▶ _Dataset content_
┌──

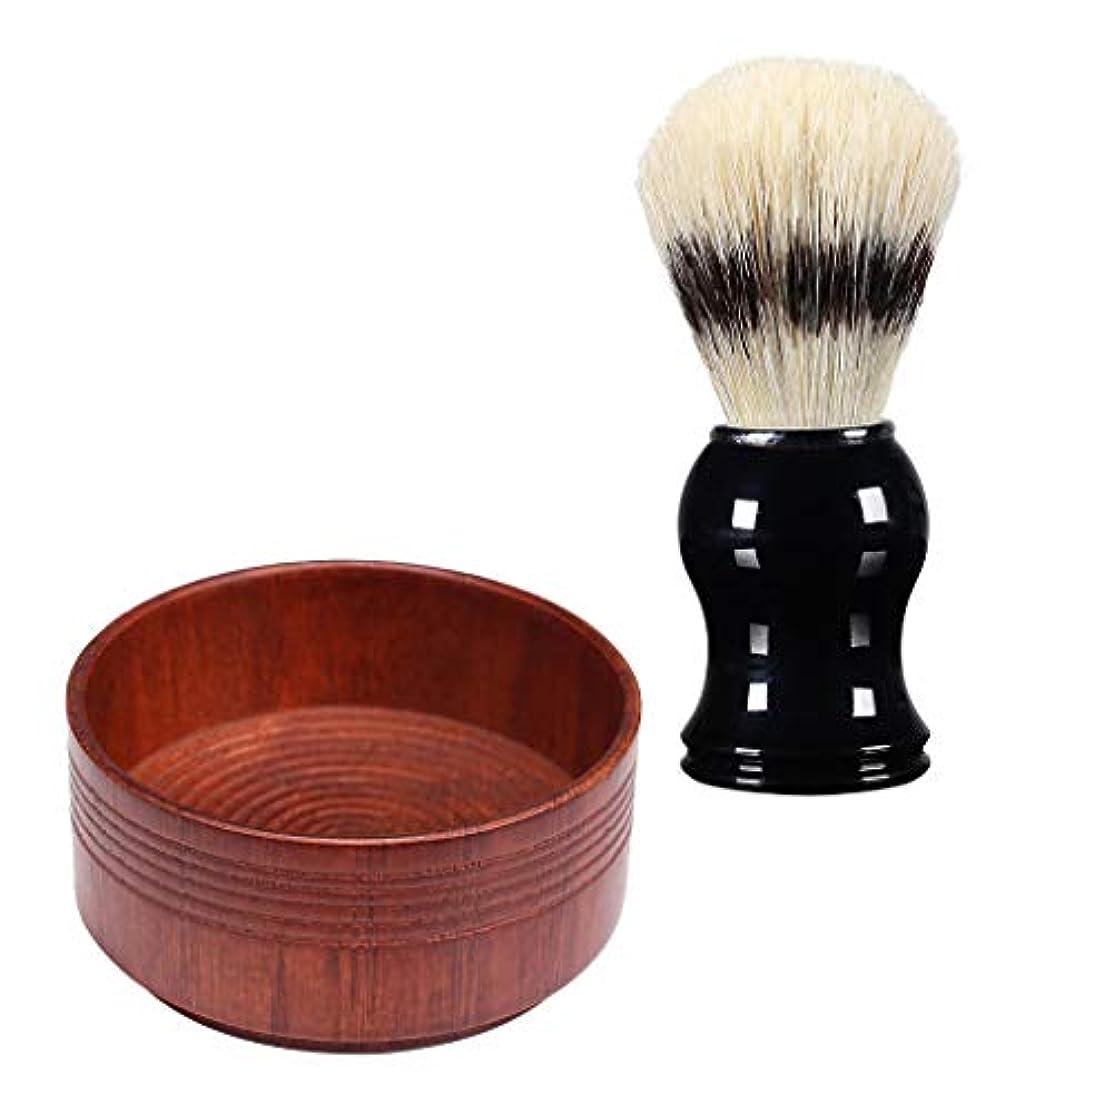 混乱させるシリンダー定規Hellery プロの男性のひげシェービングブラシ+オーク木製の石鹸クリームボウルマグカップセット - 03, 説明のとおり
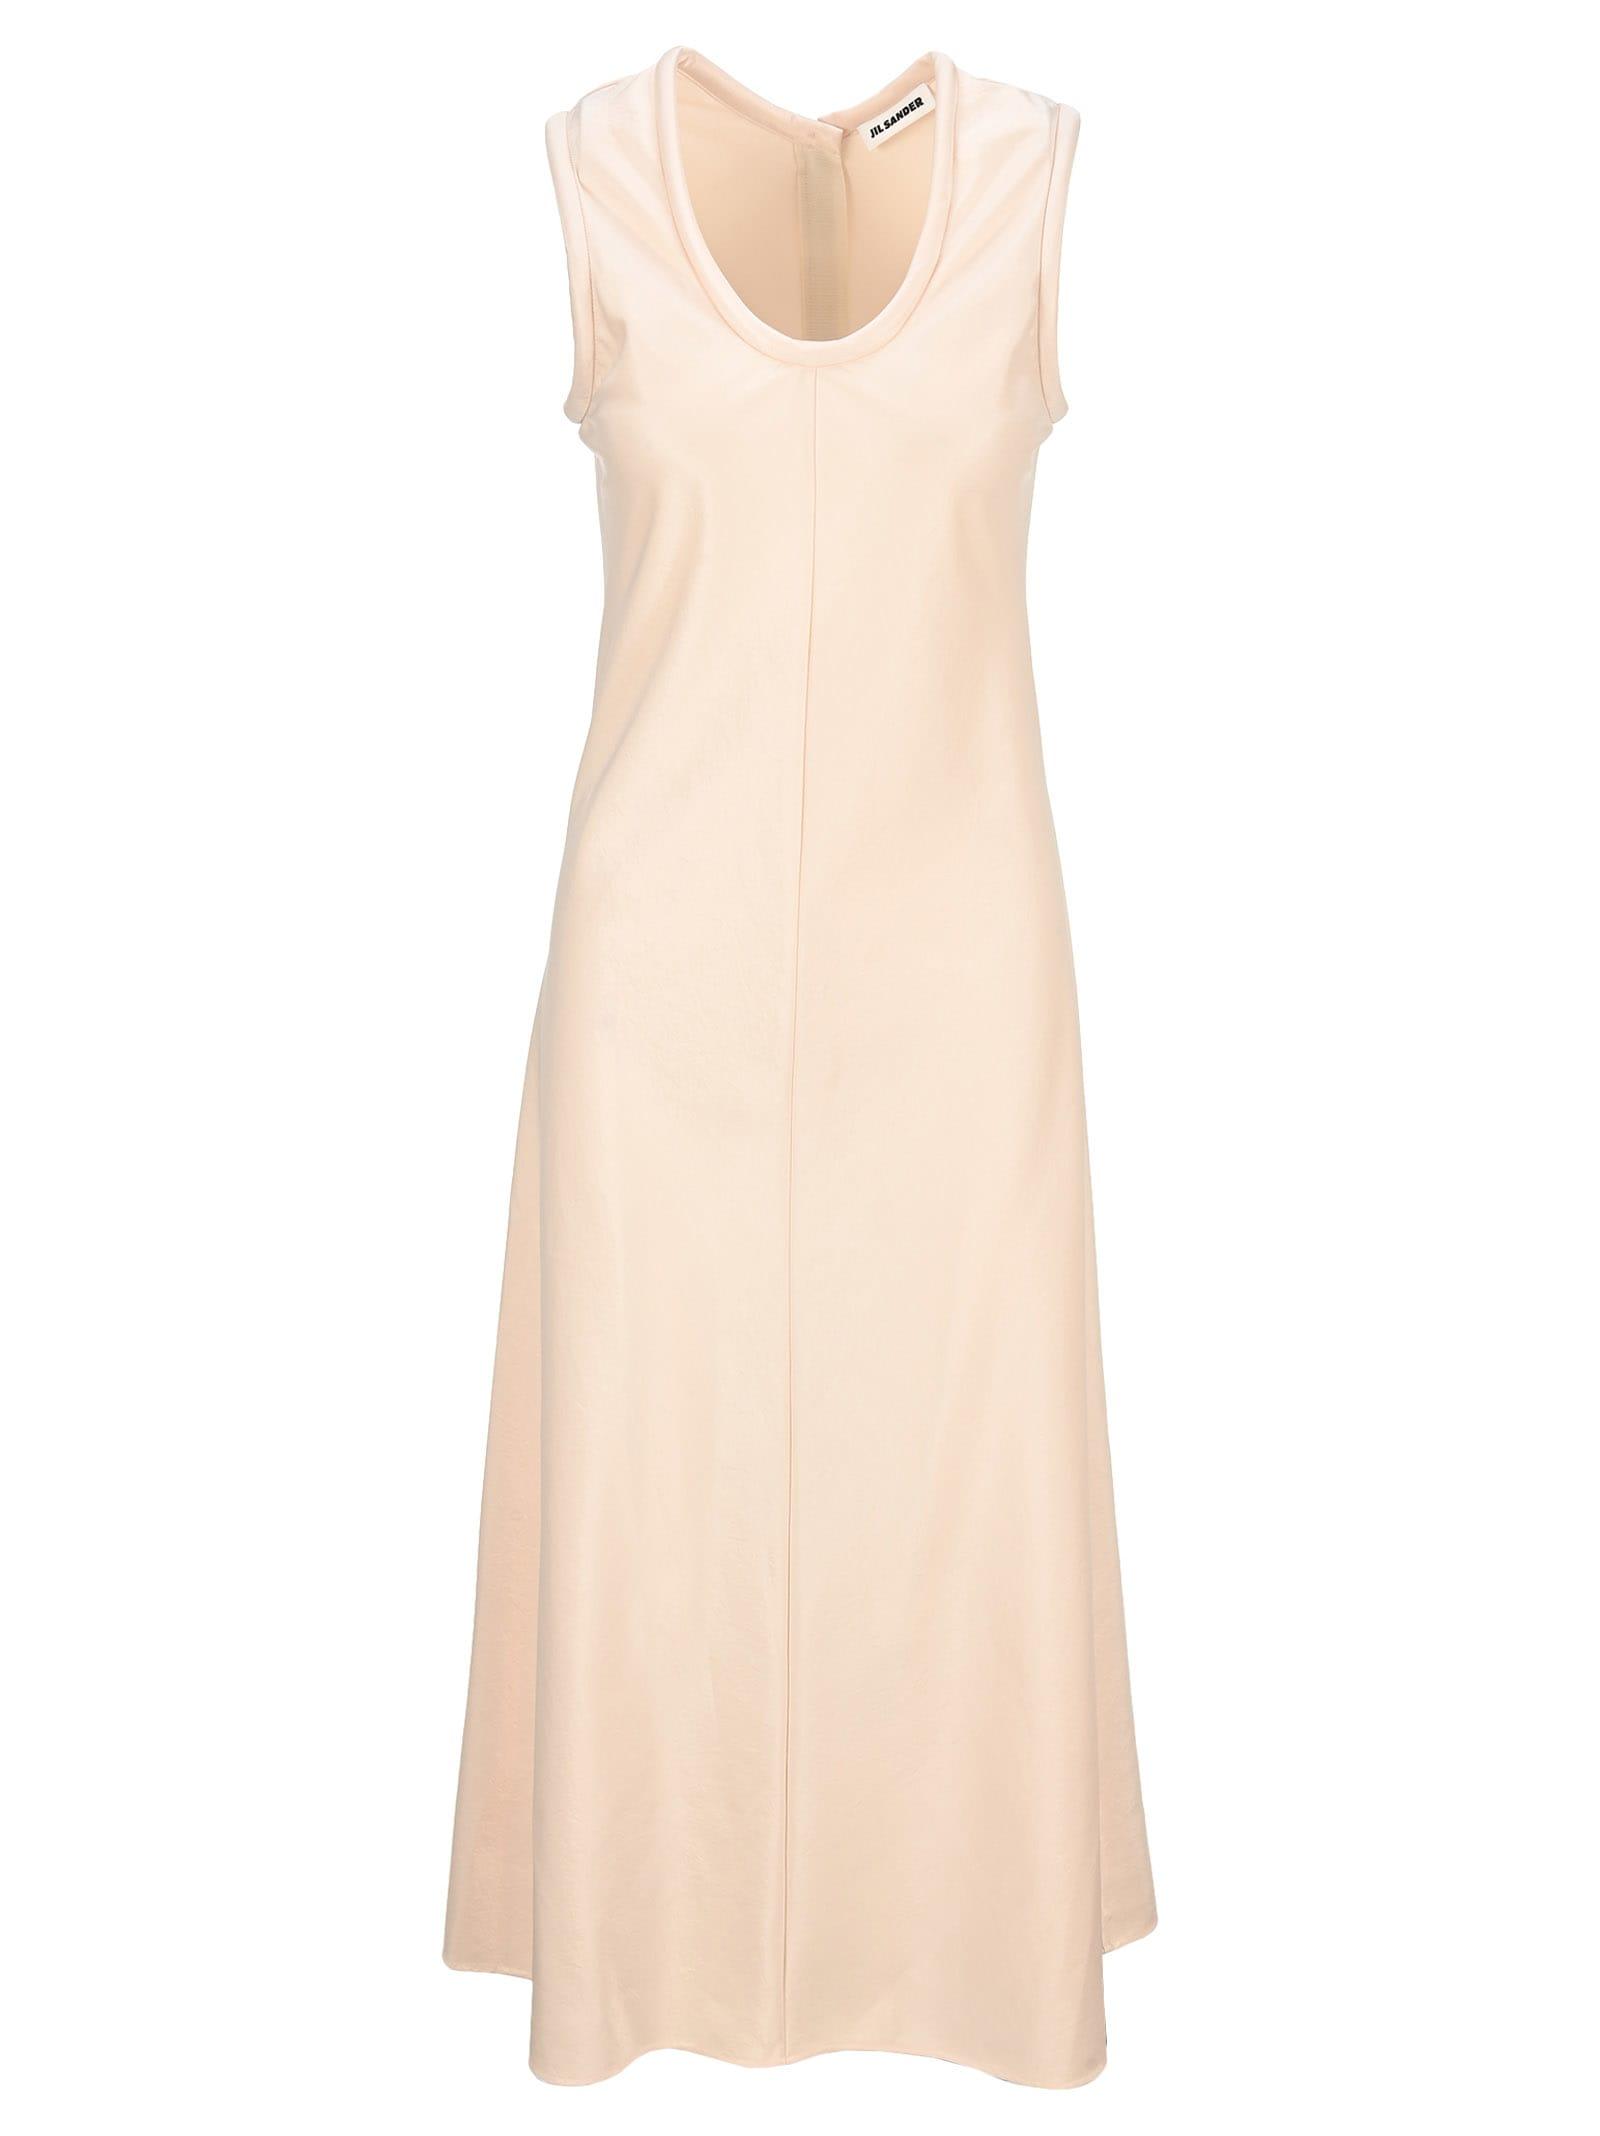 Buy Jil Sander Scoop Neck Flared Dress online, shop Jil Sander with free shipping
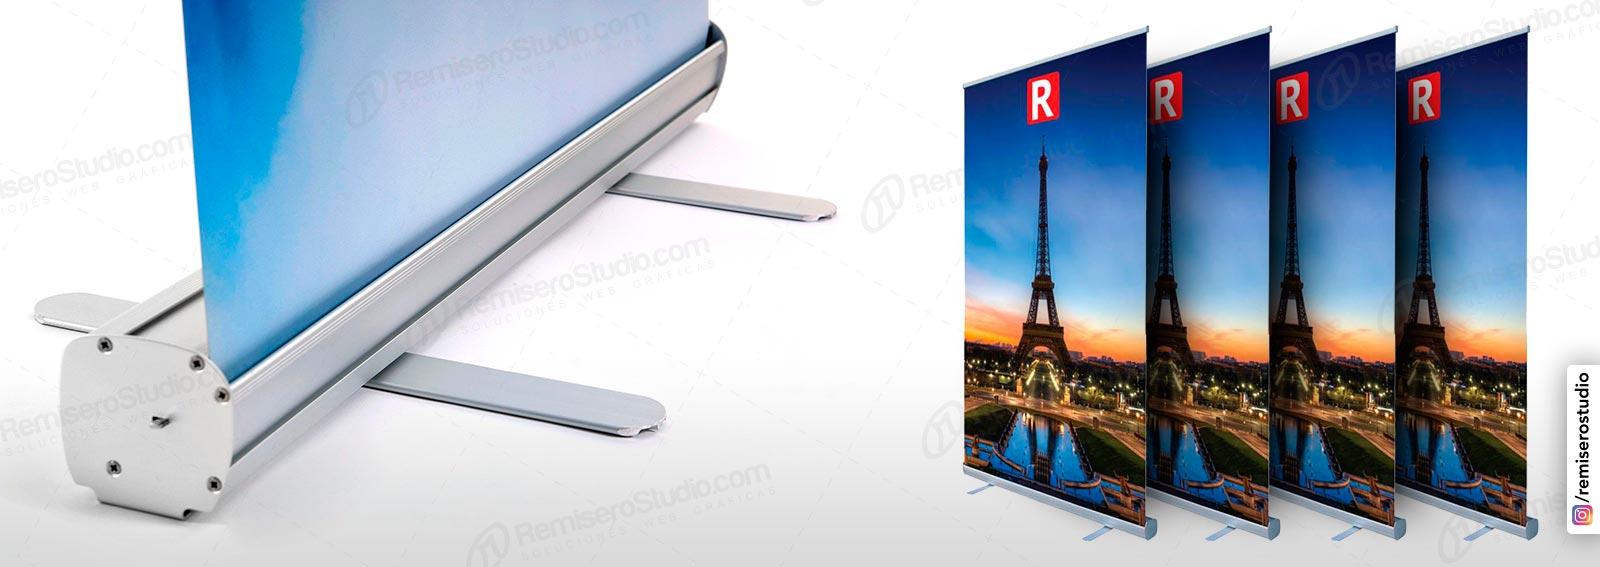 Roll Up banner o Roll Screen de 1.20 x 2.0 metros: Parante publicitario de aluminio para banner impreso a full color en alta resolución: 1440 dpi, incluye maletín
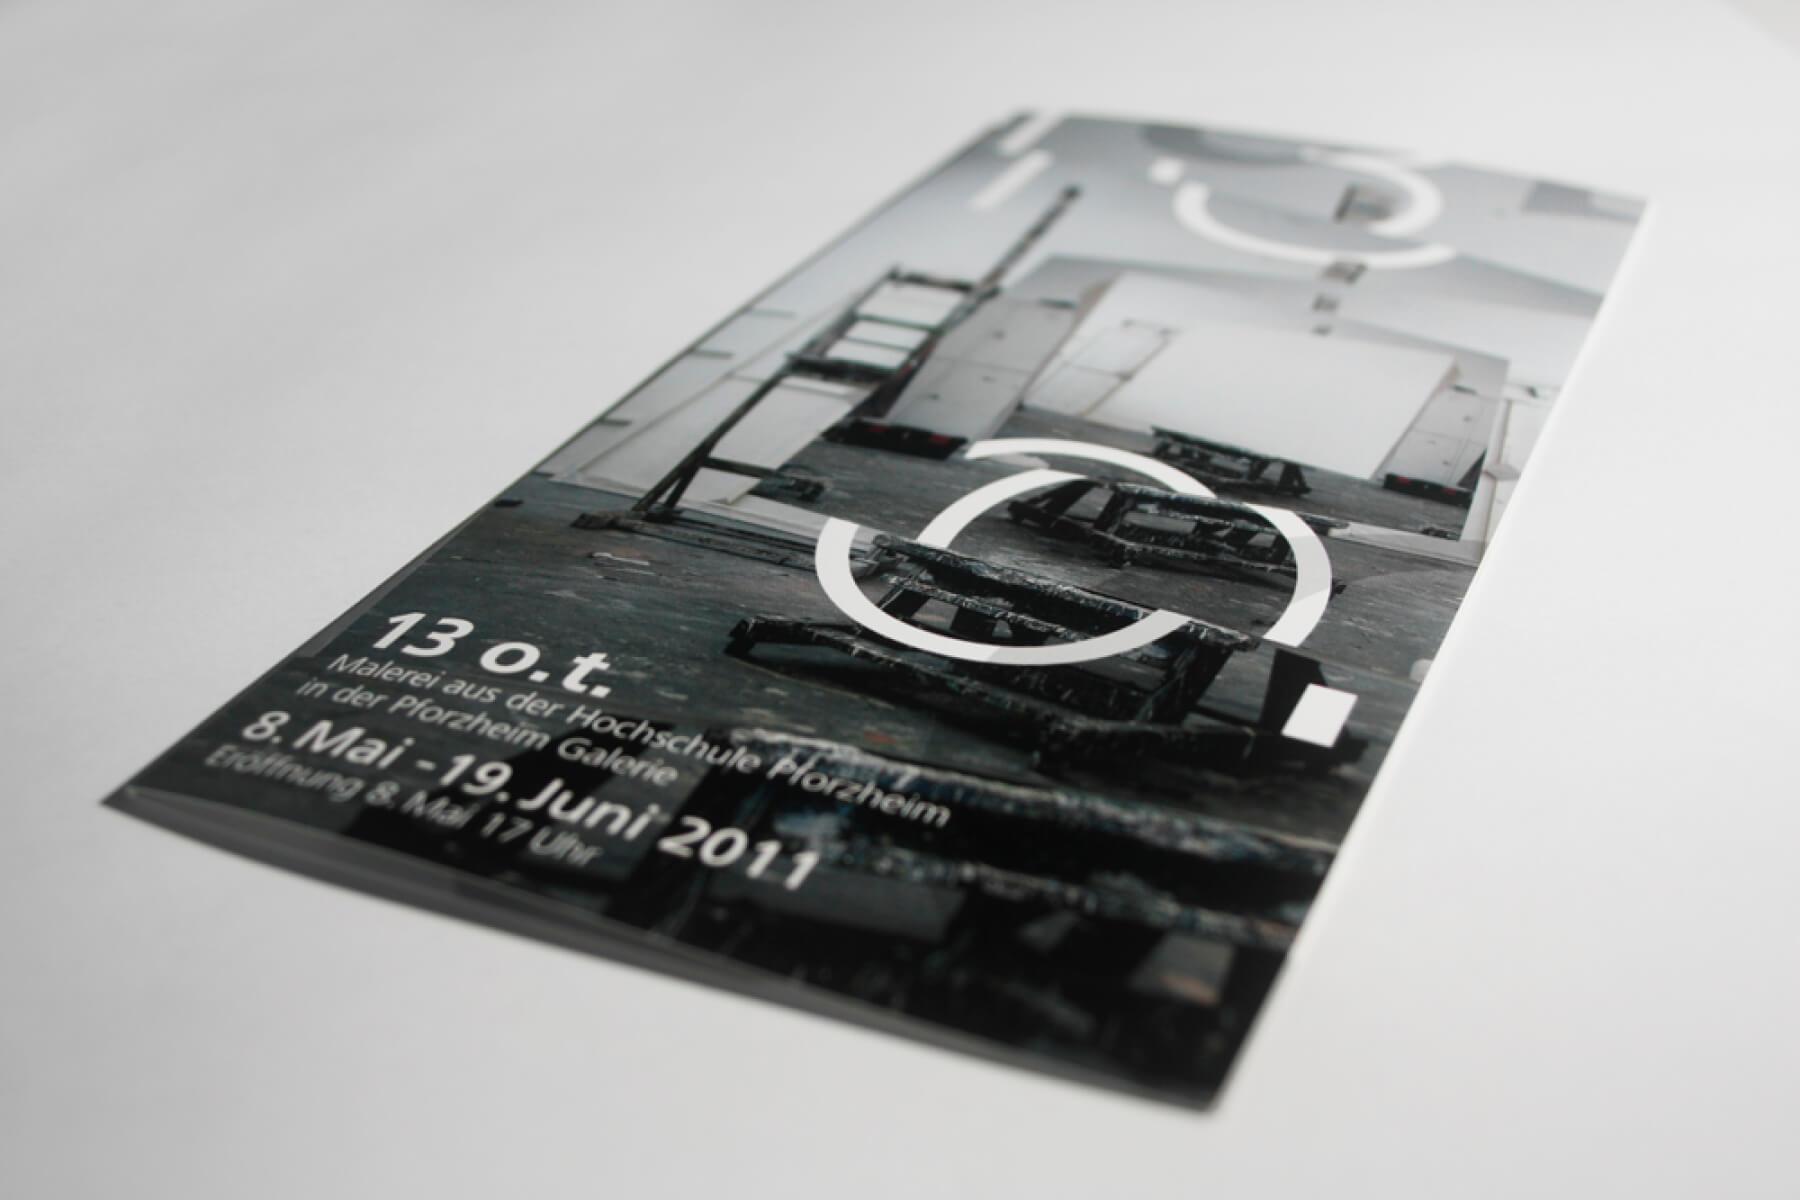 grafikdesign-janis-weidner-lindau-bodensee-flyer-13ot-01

└──

▶ _Work instructions_
For the material above, give every line again exactly and leave out the pictures.

▶ _Answer to this task_
 混乱させるシリンダー定規Hellery プロの男性のひげシェービングブラシ+オーク木製の石鹸クリームボウルマグカップセット - 03, 説明のとおり
 Buy Jil Sander Scoop Neck Flared Dress online, shop Jil Sander with free shipping
 Roll Up banner o Roll Screen de 1.20 x 2.0 metros: Parante publicitario de aluminio para banner impreso a full color en alta resolución: 1440 dpi, incluye maletín
 grafikdesign-janis-weidner-lindau-bodensee-flyer-13ot-01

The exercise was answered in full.